Emoji are everywhere, and have become a surprising source of controversy in scientific circles. Neuroscientists are calling for a mouse maze emoji, while renewable energy advocates wait for their wind turbine or solar panel.

Now, scientists say that nature emoji are biased towards animals, and suggest a new sea star, water bear (tardigrade) or flatworm emoji might help raise the profile of less popular organisms.

Researchers from the Nature Research Council in Italy assessed the biodiversity of emoji, finding animals are overrepresented, while other taxonomic groups are underrepresented.

Emoji are a universal picture language for conveying ideas and emotions. Publishing in iScience the authors argue a few more plant, fungi and microorganism emoji would better represent the natural world, and help enable online communication about biodiversity conservation.
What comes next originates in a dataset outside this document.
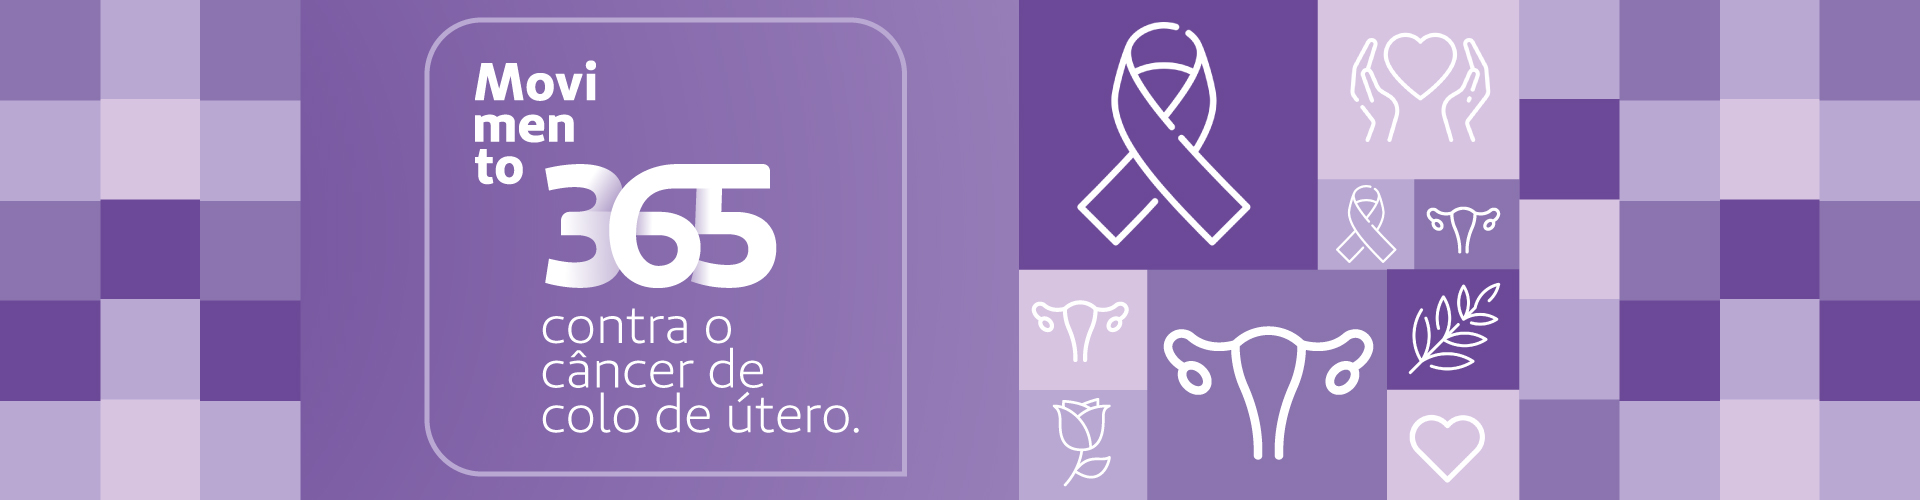 Movimento 365: autocuidado para prevenção do câncer de colo de útero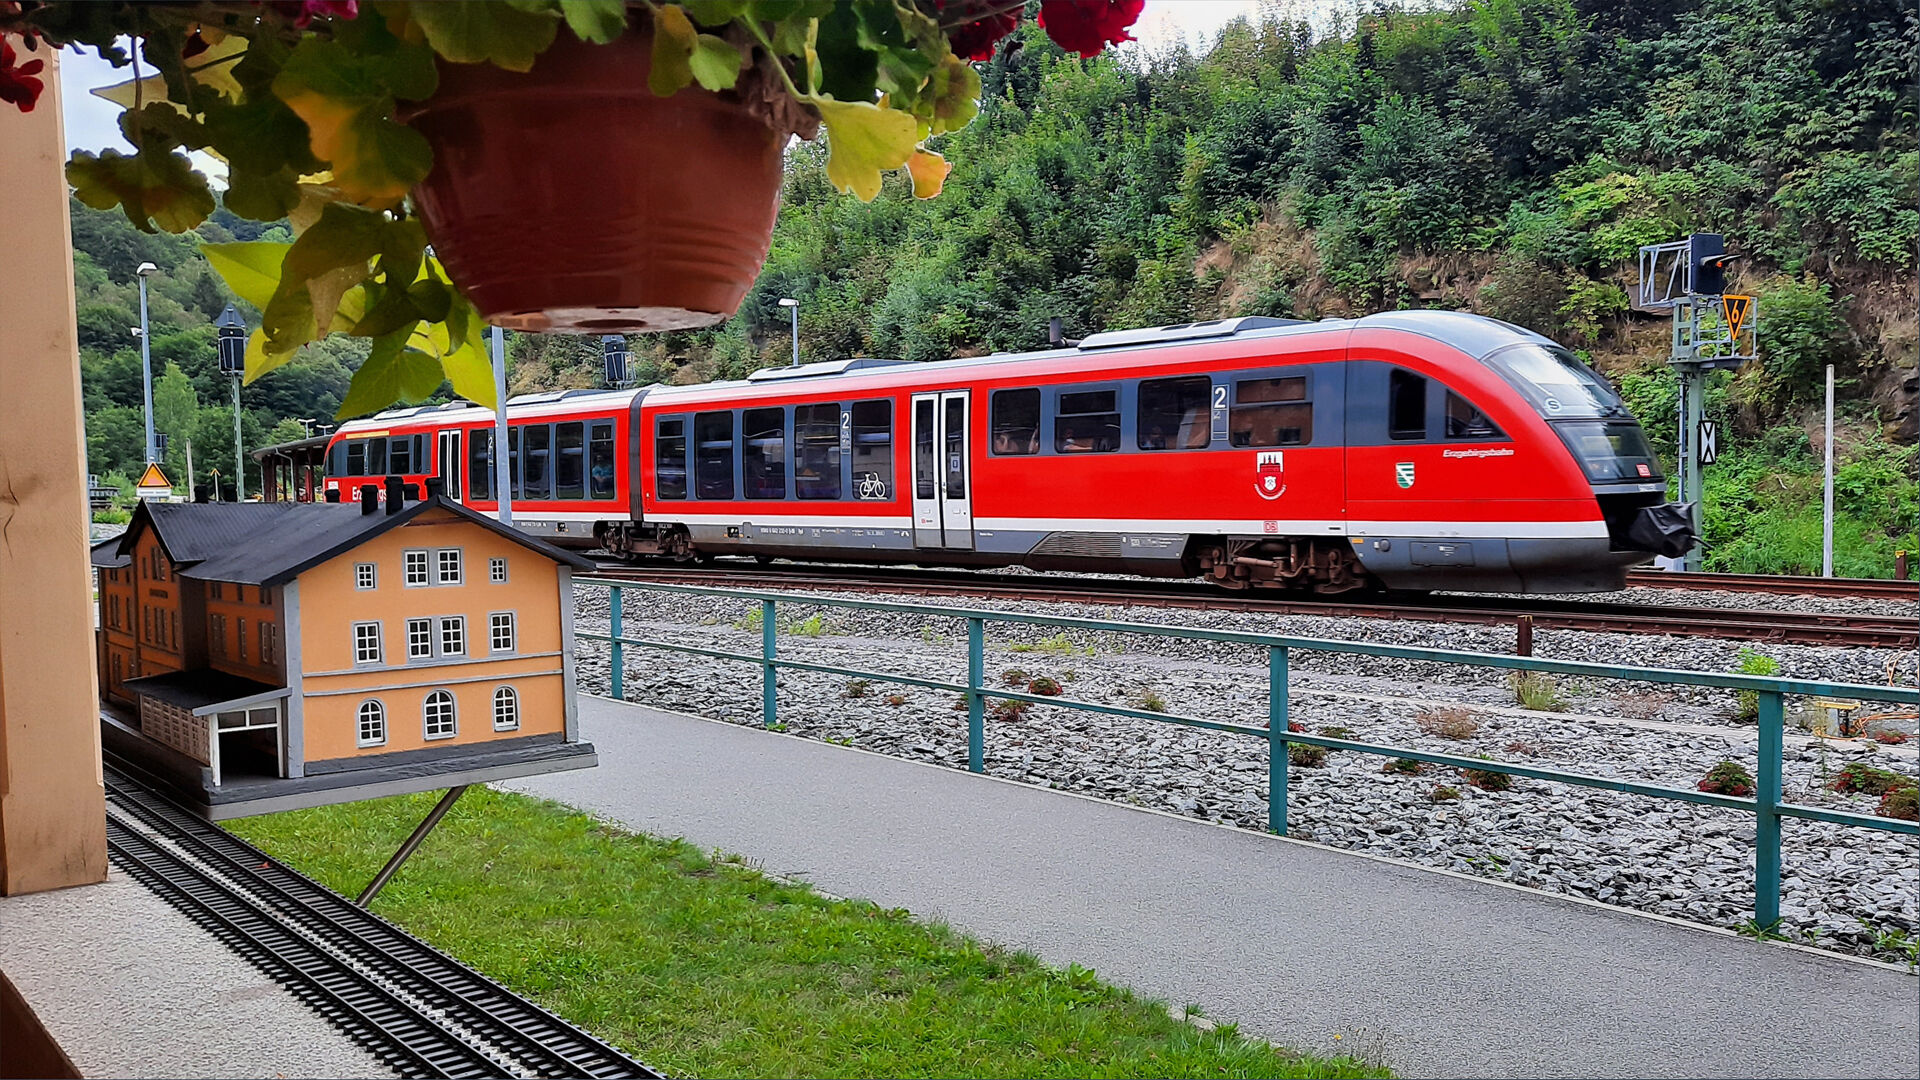 Zug der Erzgebirgsbahn im Bahnhof Wolkenstein 
© Wolfgang Fischer

“Biodiversity conservation can progress only with broad support from society. Our call for a more comprehensive set of emoji is not intended to ‘fill all the gaps’, which would be unrealistic, but to give more visibility to underrepresented groups that may be relevant under a conservation and/or functional perspective,” researcher and author Mattia Falaschi tells Cosmos.
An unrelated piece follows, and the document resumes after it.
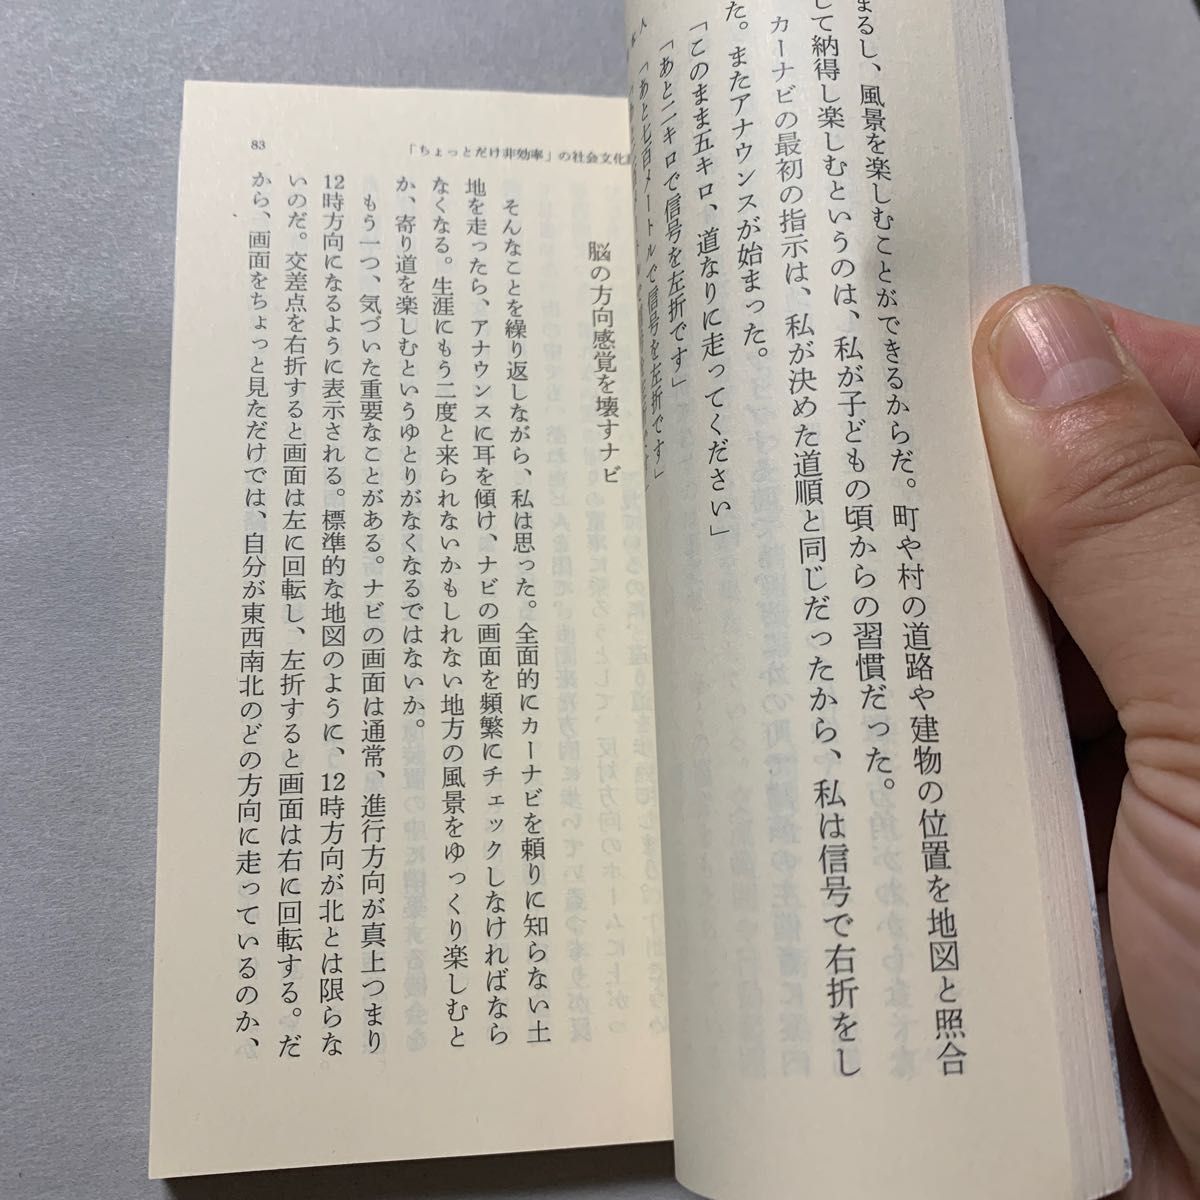 壊れる日本人　ケータイ・ネット依存症への告別 （新潮文庫　や－８－２０） 柳田邦男／著

The study quantifies and categorises 214 emoji comprising 92 animals 🐼, 16 plants 🌱, 1 fungi 🍄and 1 microorganism 🦠emoji, comparing the representation of different organisms to their diversity in nature.

The authors found emoji representation is biased towards animals, reflecting societal biases “in line with current societal awareness of biodiversity, which tends to prioritise animals over other taxa”.

Some organisms are represented multiple times, particularly pets (dogs, cats, rabbits) and farm animals (pigs, cows, sheep, chickens).

Plants, fungi and microorganisms are underrepresented. 

Authors Falaschi and Stefano Mammola say moulds, mosses or lichens would also make good additions. They note that while the article was under review, a new edible brown mushroom – likely a Boletus edulis or similar – was added in the most recent update.

Even animal emoji are heavily biased towards vertebrates (making up 76%) compared to 16% arthropods 🦞. Cnidarians (a category of water animals including corals, jellies and sea anemones) comprised 🪸 2%, and annelids (segmented worms)🪱 1%.

Meanwhile there are no emoji for fans of platyhelminthes (flatworms) and nematodes (roundworms).

No nemotodes are slated for 2025, although there is a new plant on the list – the dead or leafless tree.

“The leafless tree emoji can be a good candidate for improving biodiversity communication. It can be used, for instance, to represent drought, a phenomenon that is becoming more frequent in some areas due to climate change,” Falaschi says.

The researchers would like to see more diverse and inclusive emoji that better represent life on Earth 🌏.

“This simplicity and immediacy can serve as a valuable tool for documenting the ongoing sixth mass extinction of biodiversity, where species are disappearing not only from the physical world but also from our cultures and collective memory,” the paper says.